Reply with one number only: the count of lines below that contain the word "Stock".

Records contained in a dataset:

===============

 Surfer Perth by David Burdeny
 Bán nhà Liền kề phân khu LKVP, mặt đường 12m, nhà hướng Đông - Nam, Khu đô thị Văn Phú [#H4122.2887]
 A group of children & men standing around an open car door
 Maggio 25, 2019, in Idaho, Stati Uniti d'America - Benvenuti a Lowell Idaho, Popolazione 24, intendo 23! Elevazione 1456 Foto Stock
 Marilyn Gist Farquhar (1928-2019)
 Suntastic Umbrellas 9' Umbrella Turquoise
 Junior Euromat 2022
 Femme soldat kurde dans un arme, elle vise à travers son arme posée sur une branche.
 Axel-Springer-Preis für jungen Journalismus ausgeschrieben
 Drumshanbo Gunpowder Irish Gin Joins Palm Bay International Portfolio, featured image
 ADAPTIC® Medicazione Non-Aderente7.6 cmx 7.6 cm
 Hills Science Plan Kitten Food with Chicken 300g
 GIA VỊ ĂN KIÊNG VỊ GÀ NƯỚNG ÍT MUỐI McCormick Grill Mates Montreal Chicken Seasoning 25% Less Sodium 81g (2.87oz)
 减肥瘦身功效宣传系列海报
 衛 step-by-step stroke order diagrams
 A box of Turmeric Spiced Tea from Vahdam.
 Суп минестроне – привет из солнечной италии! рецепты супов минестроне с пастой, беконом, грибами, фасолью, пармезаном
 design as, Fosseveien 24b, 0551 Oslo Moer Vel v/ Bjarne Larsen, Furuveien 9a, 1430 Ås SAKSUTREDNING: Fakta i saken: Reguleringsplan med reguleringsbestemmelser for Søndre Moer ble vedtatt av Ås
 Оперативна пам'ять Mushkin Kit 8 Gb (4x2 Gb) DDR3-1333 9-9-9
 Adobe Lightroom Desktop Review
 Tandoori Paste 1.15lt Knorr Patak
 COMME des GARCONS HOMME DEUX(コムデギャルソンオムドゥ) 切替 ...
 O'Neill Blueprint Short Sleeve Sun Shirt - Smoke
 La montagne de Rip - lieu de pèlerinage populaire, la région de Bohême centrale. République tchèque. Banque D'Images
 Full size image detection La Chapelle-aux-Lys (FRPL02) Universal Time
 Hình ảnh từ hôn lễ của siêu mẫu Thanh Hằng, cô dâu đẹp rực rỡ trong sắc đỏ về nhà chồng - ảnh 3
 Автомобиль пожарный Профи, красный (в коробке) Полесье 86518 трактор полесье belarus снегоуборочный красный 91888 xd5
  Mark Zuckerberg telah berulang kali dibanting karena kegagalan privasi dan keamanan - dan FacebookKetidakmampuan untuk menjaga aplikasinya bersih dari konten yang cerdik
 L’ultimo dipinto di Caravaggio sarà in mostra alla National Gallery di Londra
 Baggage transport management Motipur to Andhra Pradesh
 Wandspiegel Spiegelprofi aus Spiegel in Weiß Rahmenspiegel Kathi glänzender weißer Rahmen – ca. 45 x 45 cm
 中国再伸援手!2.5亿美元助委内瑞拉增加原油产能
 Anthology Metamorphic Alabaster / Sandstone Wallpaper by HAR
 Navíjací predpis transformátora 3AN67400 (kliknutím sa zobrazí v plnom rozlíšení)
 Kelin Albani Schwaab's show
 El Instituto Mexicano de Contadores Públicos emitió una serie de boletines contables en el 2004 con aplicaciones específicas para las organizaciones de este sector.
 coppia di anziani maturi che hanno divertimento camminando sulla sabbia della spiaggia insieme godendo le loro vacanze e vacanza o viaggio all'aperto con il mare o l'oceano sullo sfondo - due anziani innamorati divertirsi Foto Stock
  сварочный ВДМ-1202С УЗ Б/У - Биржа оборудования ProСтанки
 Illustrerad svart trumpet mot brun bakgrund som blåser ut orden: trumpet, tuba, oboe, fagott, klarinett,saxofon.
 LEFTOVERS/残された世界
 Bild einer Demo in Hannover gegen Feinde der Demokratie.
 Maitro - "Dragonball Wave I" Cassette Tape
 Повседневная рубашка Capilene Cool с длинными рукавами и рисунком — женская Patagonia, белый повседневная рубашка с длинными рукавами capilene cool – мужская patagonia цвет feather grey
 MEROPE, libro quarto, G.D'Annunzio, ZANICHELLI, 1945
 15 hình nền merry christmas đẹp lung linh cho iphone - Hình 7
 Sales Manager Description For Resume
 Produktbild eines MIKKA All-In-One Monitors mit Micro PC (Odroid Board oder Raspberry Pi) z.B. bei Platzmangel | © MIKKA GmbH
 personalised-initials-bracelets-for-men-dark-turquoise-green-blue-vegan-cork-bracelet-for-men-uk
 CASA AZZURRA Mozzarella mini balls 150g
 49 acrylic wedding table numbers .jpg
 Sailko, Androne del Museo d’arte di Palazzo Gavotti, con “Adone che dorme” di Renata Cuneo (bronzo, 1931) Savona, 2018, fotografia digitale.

===============

### Output for this task
2